Getting data, part 2: web scraping and the walking dead

In my previous blog post I’ve talked about getting data from a csv file (even if it’s messed up), or a database. Sometimes the data you need isn’t that conveniently available for you to analyze and you need to get it first. One way to get the data you need may be to scrape it off of some website.

Before you do that, however, you need to check whether you are allowed to. Some websites may contain proprietary information and strictly forbid scraping it, others don’t allow it because bots increase load on the servers causing issues.
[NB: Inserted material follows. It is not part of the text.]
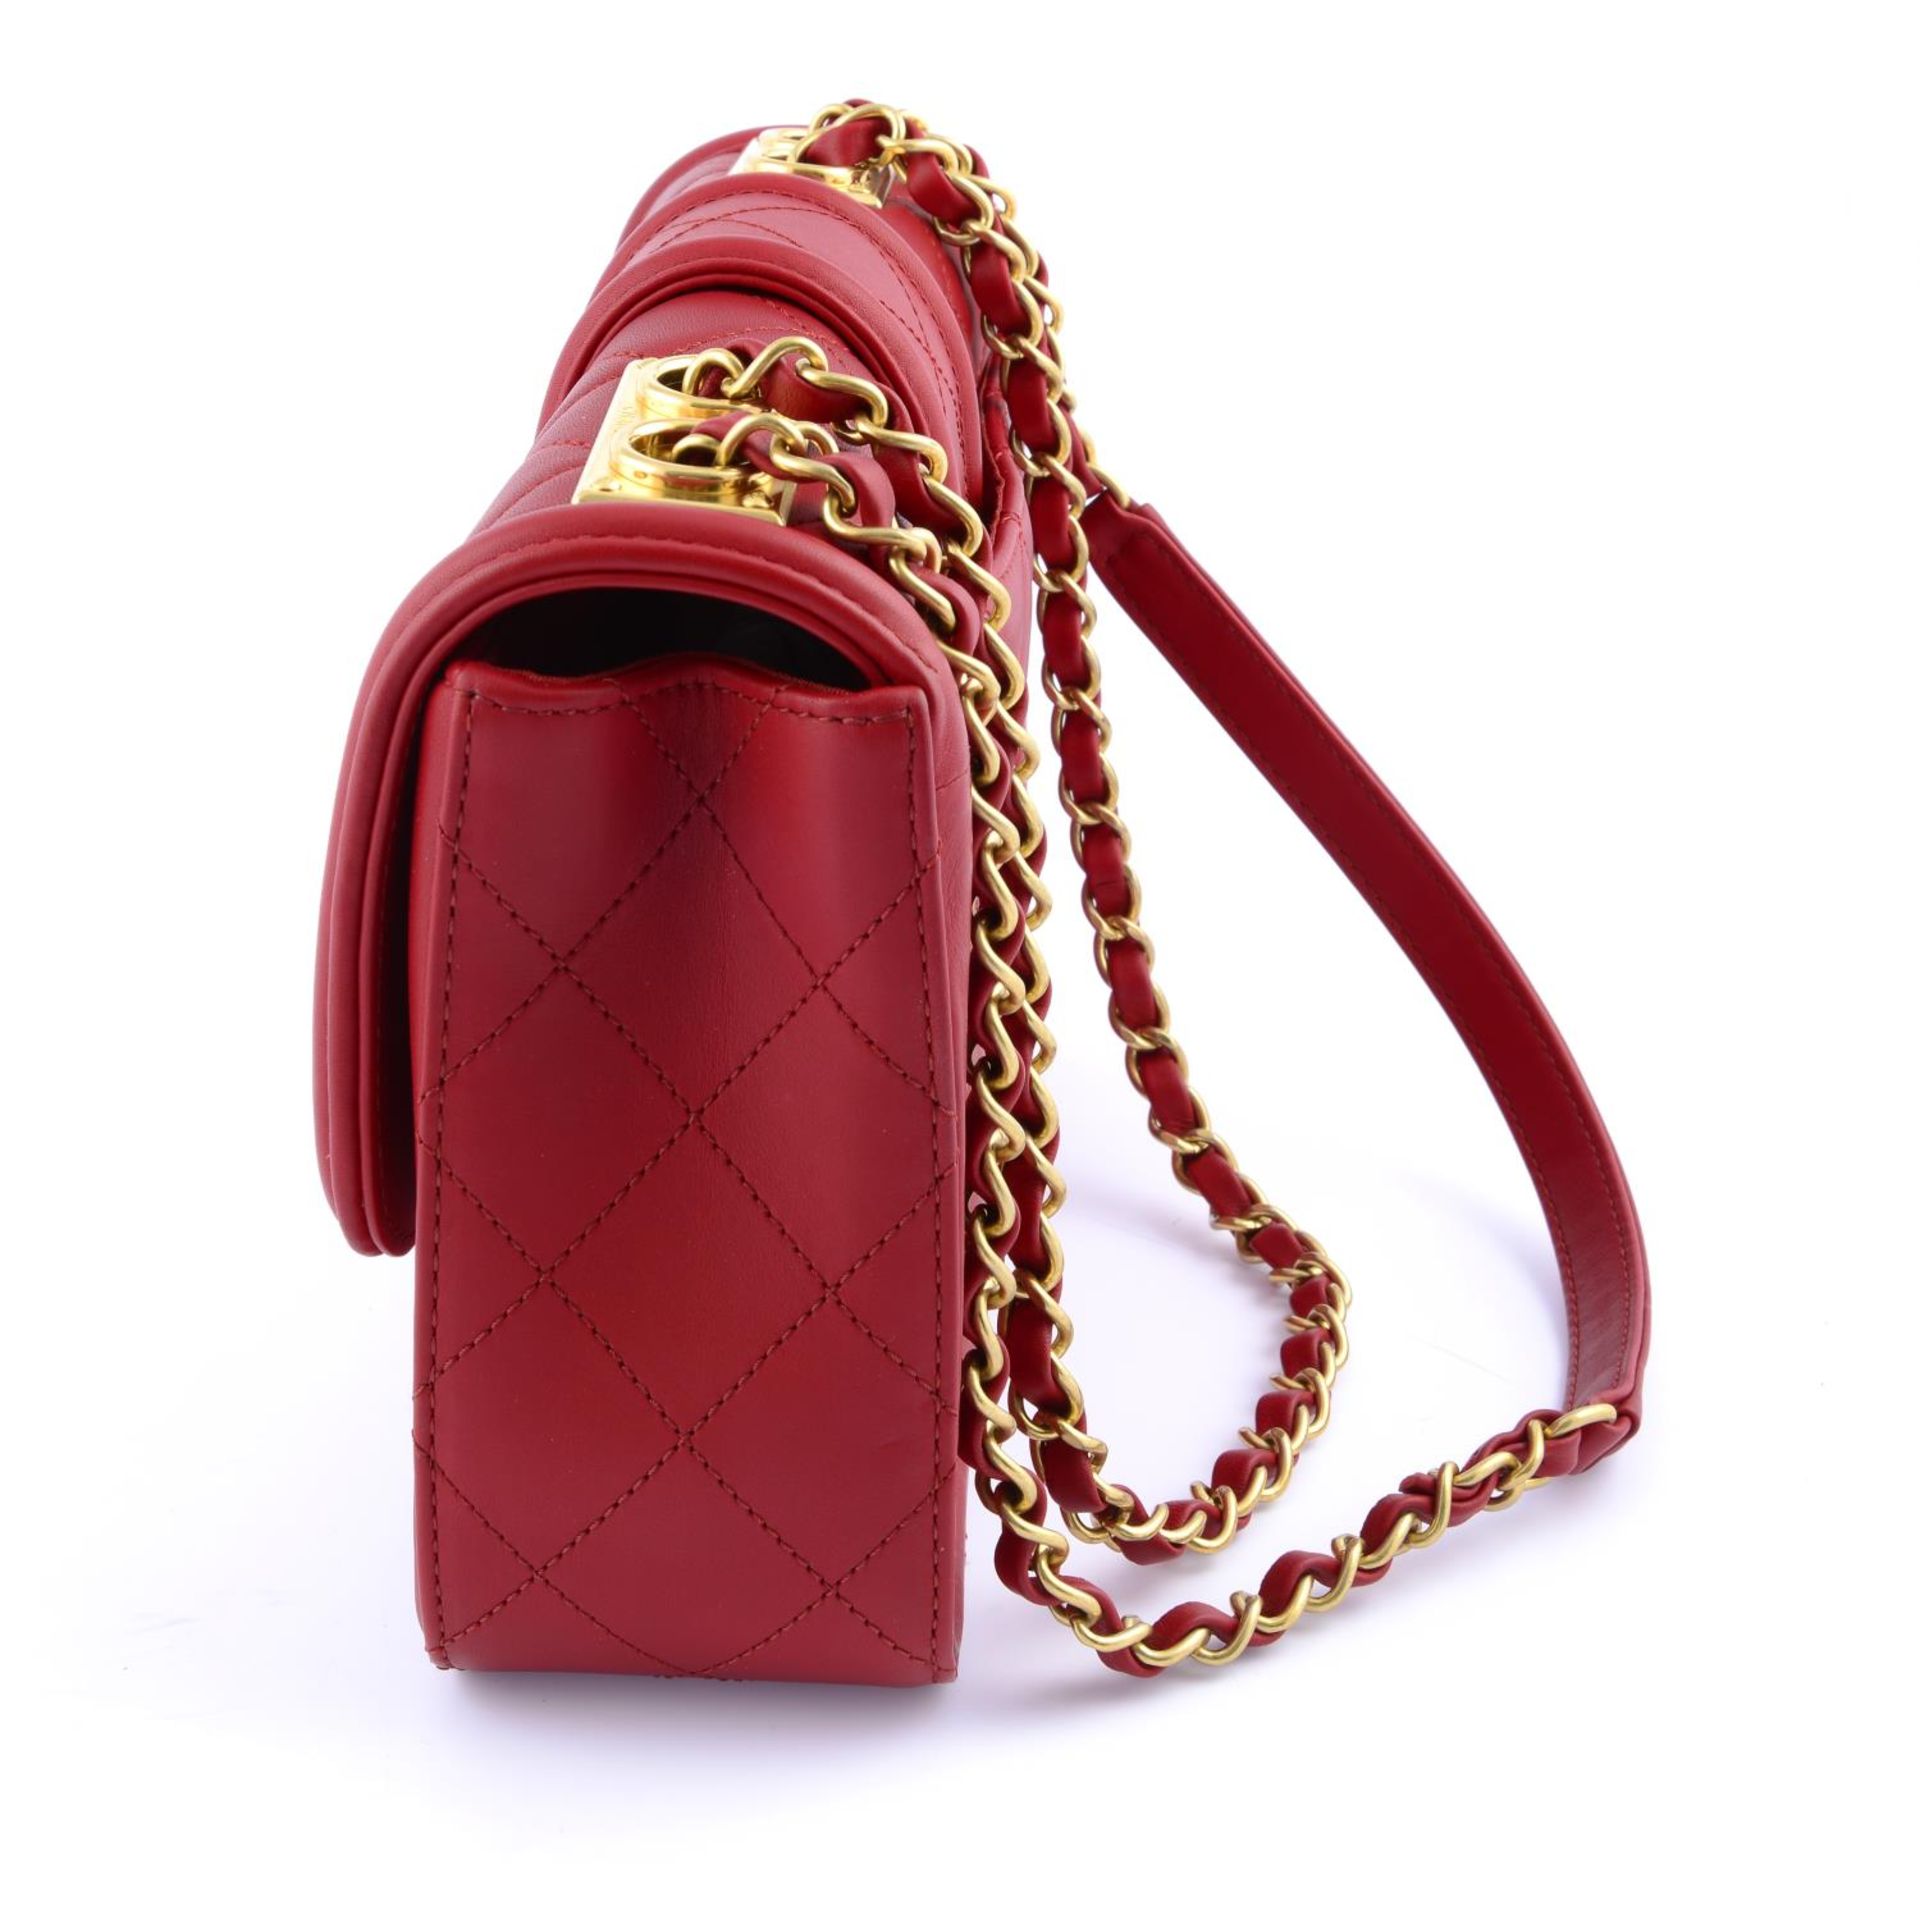 CHANEL - a red quilted Elegant handbag. - Image 3 of 4

Most websites allow scraping some of the content they have.The general rule here is to obey robots.txt that you can find at [www.somewebsite.com]/robots.txt.

These files list the rules you need to follow, for example:

User-agent: *
Allow: /folder/
Disallow: /another_folder/file.html

User-agent: * means the rules apply to all bots, although sometimes bots are mentioned by name (you can find a lot of such examples in https://en.wikipedia.org/robots.txt) Allow and disallow rules can be very specific, stating a full path to a file, or whole sections of the site.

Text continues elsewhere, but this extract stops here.